The student of history who recalls the era when the great transcontinental surveys were made to locate a favorable possible railway route that should extend from the Atlantic to the Pacific

will remember that each of these surveys was accompanied by a scientist whose duties were the collection of objects in natural history. These railway surveys were succeeded by the four great scientific surveys which flourished in the seventies of the nineteenth century and were consolidated into the United States Geological Survey in 1879, and the practice of employing trained scientists in connection with their work continued. Among those who have gained high reputation in consequence of this development no one occupies a higher place than Edward Drinker Cope of whom also more than of his contemporaries, it may be said that he "possessed those brilliant mental qualities which are the natural endowment of genius." It is the pleasant mission of the following pages to present his contributions to science.

The Cope family is a distinguished one in the annals of Philadelphia, and in the charming romances that Dr. Weir Mitchell has written so delightfully about the early days in the Quaker City, the name Cope frequently occurs. He tells pleasantly in one of his books how during an epidemic of yellow fever in 1793, Mr. Cope heroically remained in Philadelphia when flight was considered the best policy and devoted his attention to the victims of the plague. It was Mr. Cope also who four years later when the smallpox raged accepted the task of ministering to the wants of the destitute and carried food to the homes of the sufferers.

According to the records of the family Oliver Cope came from Wiltshire, England, about 1687, and settled at Naaman's Creek in the extreme north of what is now the state of Delaware. The original grant of land is dated September 8, 1681, and recites that William Penn of Worminghurst in the county of Sussex, Esquire, in consideration of five shillings, etc., conveys to Oliver Cope of Awbry in the county Wilts tailor, two hundred and fifty acres of land within the province of Pennsylvania.

Oliver's grandson was Caleb Cope, who, in 1761, removed to Lancaster and later settled in Philadelphia. While serving as burgess of Lancaster in 1776, the unfortunate Major André, who had been captured at St. Johns, Upper Canada, by General Montgomery and sent with other British prisoners to Lancaster, arrived

in the little town. In spite of the popular excitement against these prisoners of war Caleb Cope offered them an asylum in his home and protected them against the vengeance of a mob which attacked his residence. He is said to have been a member of the Society of Friends and an opponent of the war against England. His son, Thomas Pim Cope, began a commerical career in Philadelphia in 1786, and four years later he established himself in the business of importing. His success was very great and soon warranted him in purchasing his own vessels. This venture likewise proved successful, and in 1821 he inaugurated the first line of packets that ran between Philadelphia and Liverpool, which then continued until about the beginning of the Civil War. His sons, Henry and Alfred, succeeded to the business, and in time the firm assumed the name of Cope Brothers.

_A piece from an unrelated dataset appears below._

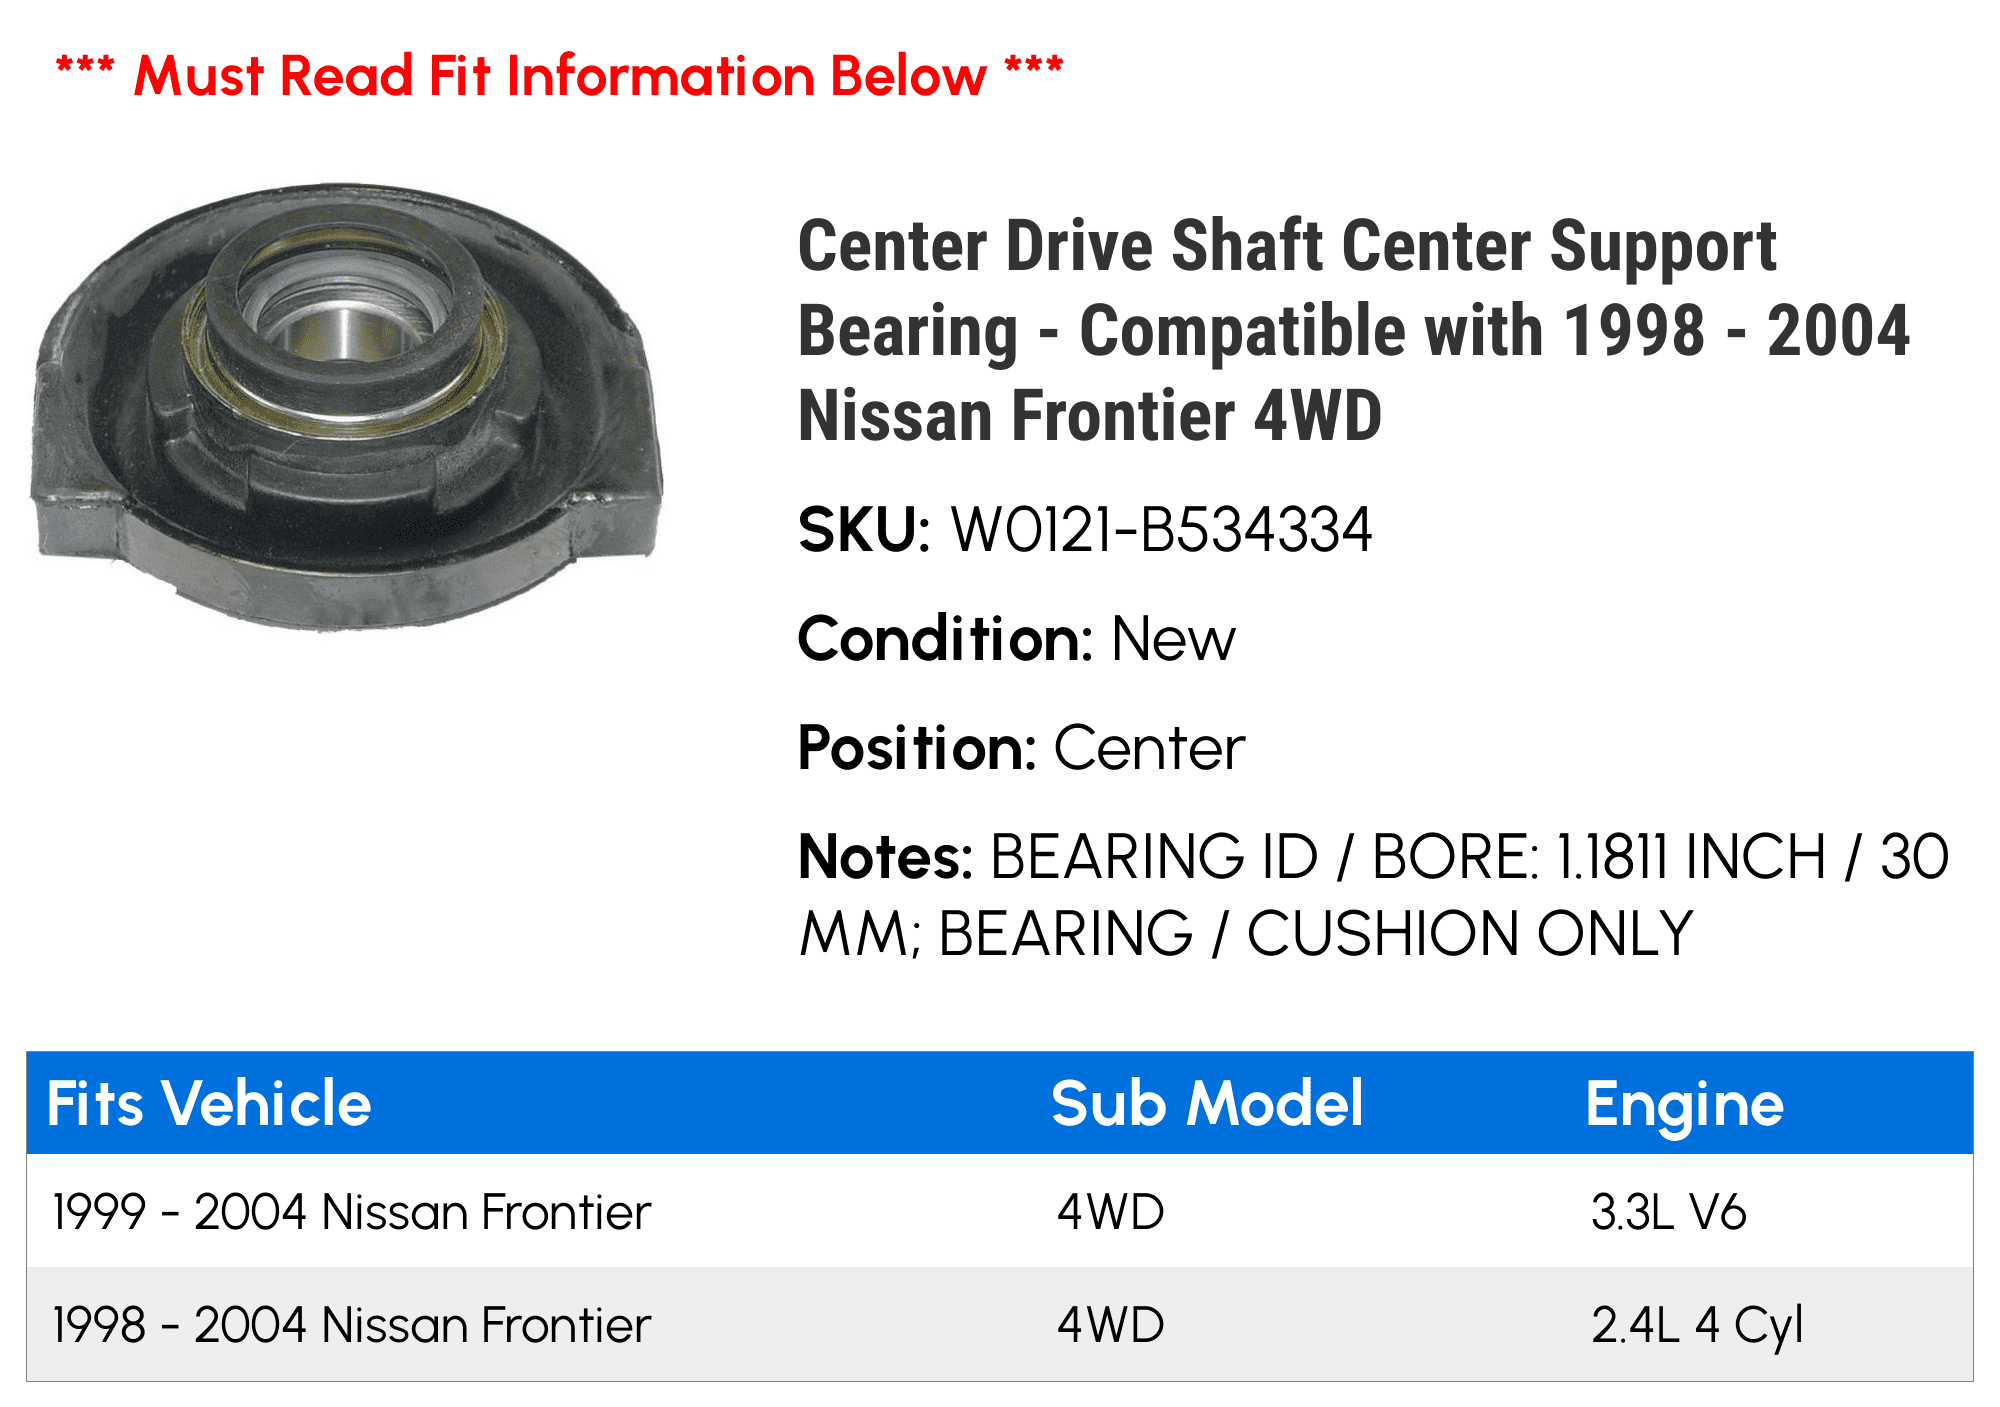 Compatible with 1998-2004 Nissan Frontier 4WD Center Drive Shaft Center Support Bearing

Edward Drinker Cope was the eldest son of Alfred Cope and his wife, Hannah Edge. He was born in Philadelphia on July 28, 1840, while his father was yet active in business, but as the child grew to boyhood the family removed to Germantown and there the father, who was a man of cultivated literary taste, freed from the active interests of his commercial pursuits, lived in ease and devoted himself largely to the bringing up of his son.

At a very early age the boy manifested an active and intelligent interest in nature; when only about seven years old during a sea voyage to Boston with his father he is said to have kept a journal which he filled with drawings of "jelly fish, grampuses and other natural objects seen by the way." When eight and a half years old he made his first visit to the Museum of the Academy of Natural Sciences of his native city; this visit was "on the 21st of the 10th mo. 1848" as entered in his journal. He brought away careful drawings, measurements and descriptions of several larger birds, as well as of the skeleton of an ichthyosaurus. His drawing of the fossil reptile bears the explanatory legend in Quaker style: "two of the sclerotic plates: look at the eye, thee will see these in it." At the age of ten he was taken upon a voyage to the West Indies.